Your practice should talk through confidentiality issues and have policies and procedures for all situations, as decisions on the run by whoever is there at the time are not always the best option.
Here are a few questions that you need to ask at your next practice meeting.
Do you think calling a patient by their full name from the waiting room before being seen by the doctor is breaching their confidentially? If the patient asks that in future they would like to be called only by their first name, have you a system in place for this to happen?
Does your staff sign a confidentiality form before starting employment, explaining your policies and consequences of not complying? Do you have a similar confidentially form for visiting or part time workers or contractors?
Have you a standard consent form? Is notation of patient verbal consent kept routinely in their records? Do you know when the practice needs written or oral consent rather than implied?
What is the procedure in your practice when a patient requests to see their notes and does it comply with the guidelines? Is the patient informed that they will be put on a database and may be sent a reminder? What does the practice do if a patient refuses to be part of a database in a computerised practice?
Can you take a family medical history without the permission of the family? When can you legally breach patient confidentiality?

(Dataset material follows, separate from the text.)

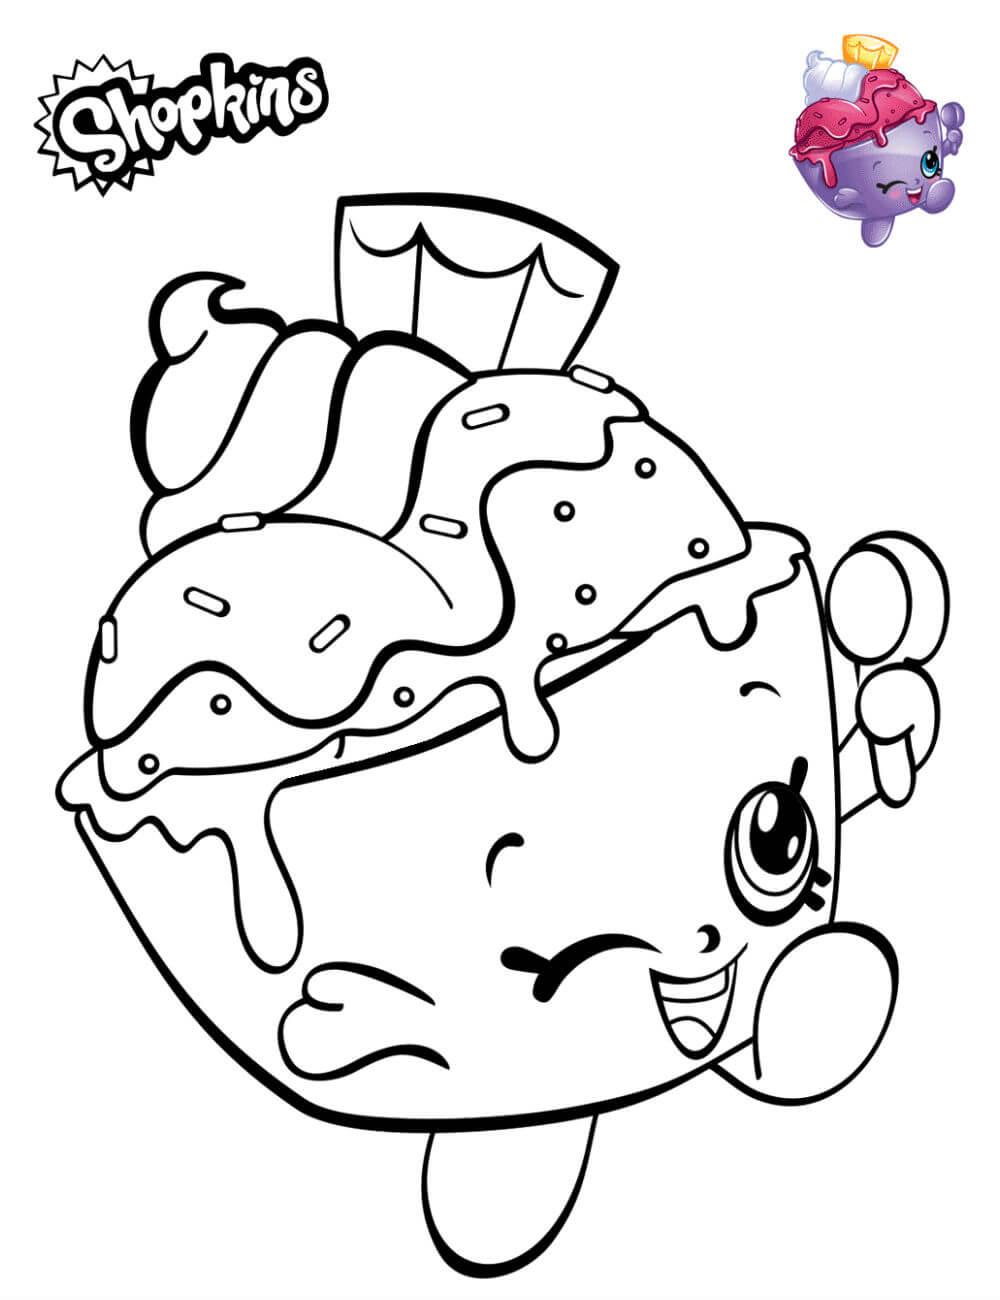 Раскраски Шопкинс распечатать или скачать | Детские раскраски

All these will be dealt with on this page in the coming issues and are also dealt with in the book. Please email any extra questions that you would like this section to address. While the question may be published, the author’s details will be withheld.
Can you call out a patient’s full name when it is their turn to see the doctor?
Revealing a patient’s full name to the rest of the waiting room is identifying the patient to all who can hear. There is no clear detailing about this situation in the handbook. I bring this situation to your attention, particularly as it was a complaint made by a member of the Lismore public about her doctor’s surgery.
If your surgery has always referred to patients in the waiting room by their full name and the patient expects this every time s/he comes and the patient doesn’t complain about this system, then the consent to continue in this matter is implied. Perhaps an option could be given to them in the form of a sign or note in the practice information sheet. This is just my suggestion and I would like to hear from others. What does your practice do?
What about new patients? Should they be asked how they would like to be addressed in the waiting room as they don’t know the system used in your practice? Is there a facility within your practice’s records to make allowances for patient preferences of salutation and is it used correctly?